The pH of a weak acid solution is equal to its #pK_a# when you have equal concentrations of weak acid and of its conjugate base.

A buffer solution is one that has comparable, though not necessarily equal, concentrations of a weak acid and its conjugate base.

The Henderson-Hasselbalch equation, which looks like this, describes the pH of a buffer.

#color(blue)("pH" = pK_a + log( (["conjugate base"])/(["weak acid"])))#
As you can see here, equal amounts of weak acid and of conjugate base will make the log term equal to zero, and thus the pH equal to the #pK_a#.

It is obvious from the outset that adding more base will raise the solution's pH.

It is now impossible for a weak base to neutralize a weak acid, and vice versa for a weak acid.

Judging by the information provided in the problem, I will assume that you're adding enough strong base to neutralize #10%# of the weak acid.

This is an example of a common weak acid-strong base reaction.
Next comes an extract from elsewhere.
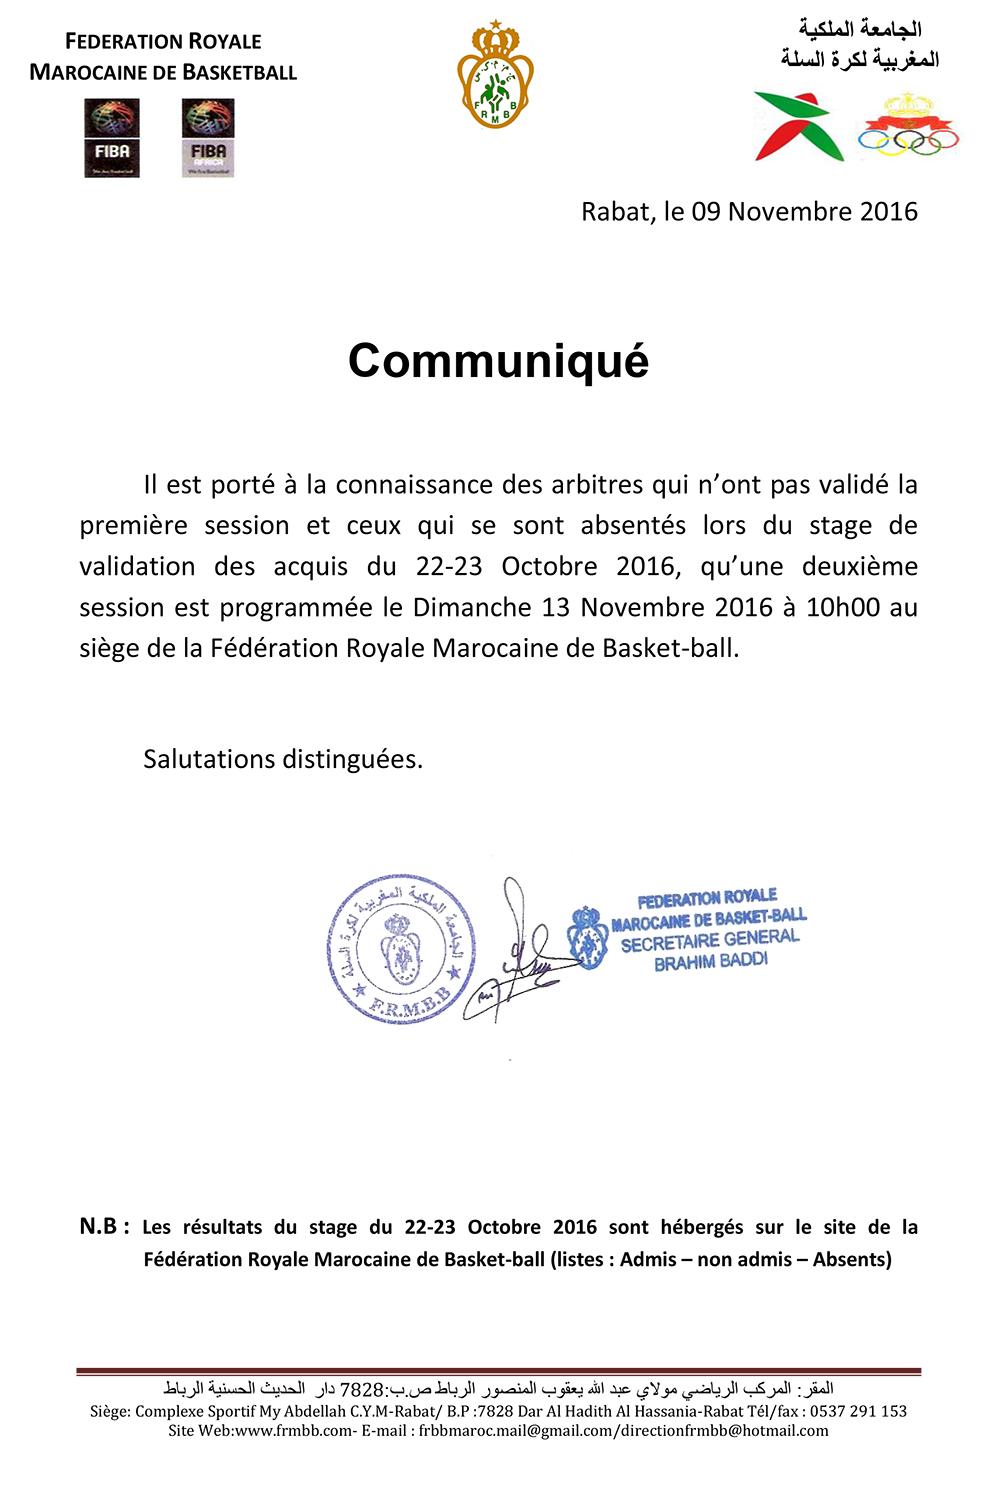 communique-des-resultats-du-stage-de-validation-des-acquis-des-arbitres-du-22-23-octobre-2016-copy

#"HA"_text((aq]) + "BOH"_text((aq]) -> "BA"_text((aq]) + "H"_2"O"_text((l])#
Here #"BA"# is the salt of the conjugate base of the weak acid, which will be #"A"^(-)#.
Now, assuming that you have a #1:1# mole ratio between the weak acid and the conjugate base, it's important to notice that the reaction consumes one mole of weak acid and produces one mole of conjugate base.
Let's say that before adding the strong base, you have #x# moles of weak acid and #x# moles of conjugate base in a volume #V#.
Now you're adding a volume #v# of strong base. If #10%# of the acid is neutralized, the number of moles you'll be left with is
#x_"acid" = x - 10/100x = 9/10x#

The conjugate base's moles will rise by the same amount, so you have

#x_"base" = x + 10/100x = 11/10x#

The modified weak acid and conjugate base concentrations will be

#["HA"] = 9/10x * 1/(V + v)#
#["A"^(-)] = 11/10x * 1/(V + v)#

Enter this into the H-H formula to obtain

#"pH" = pK_a + log( (11/10x * color(red)(cancel(color(black)(1/(V + v)))))/(9/10x * color(red)(cancel(color(black)(1/(V + v))))))#
#"pH" = pK_a + log(11/9) = pK_a + 0.087#
The pH of the solution will thus increase by about #0.09#.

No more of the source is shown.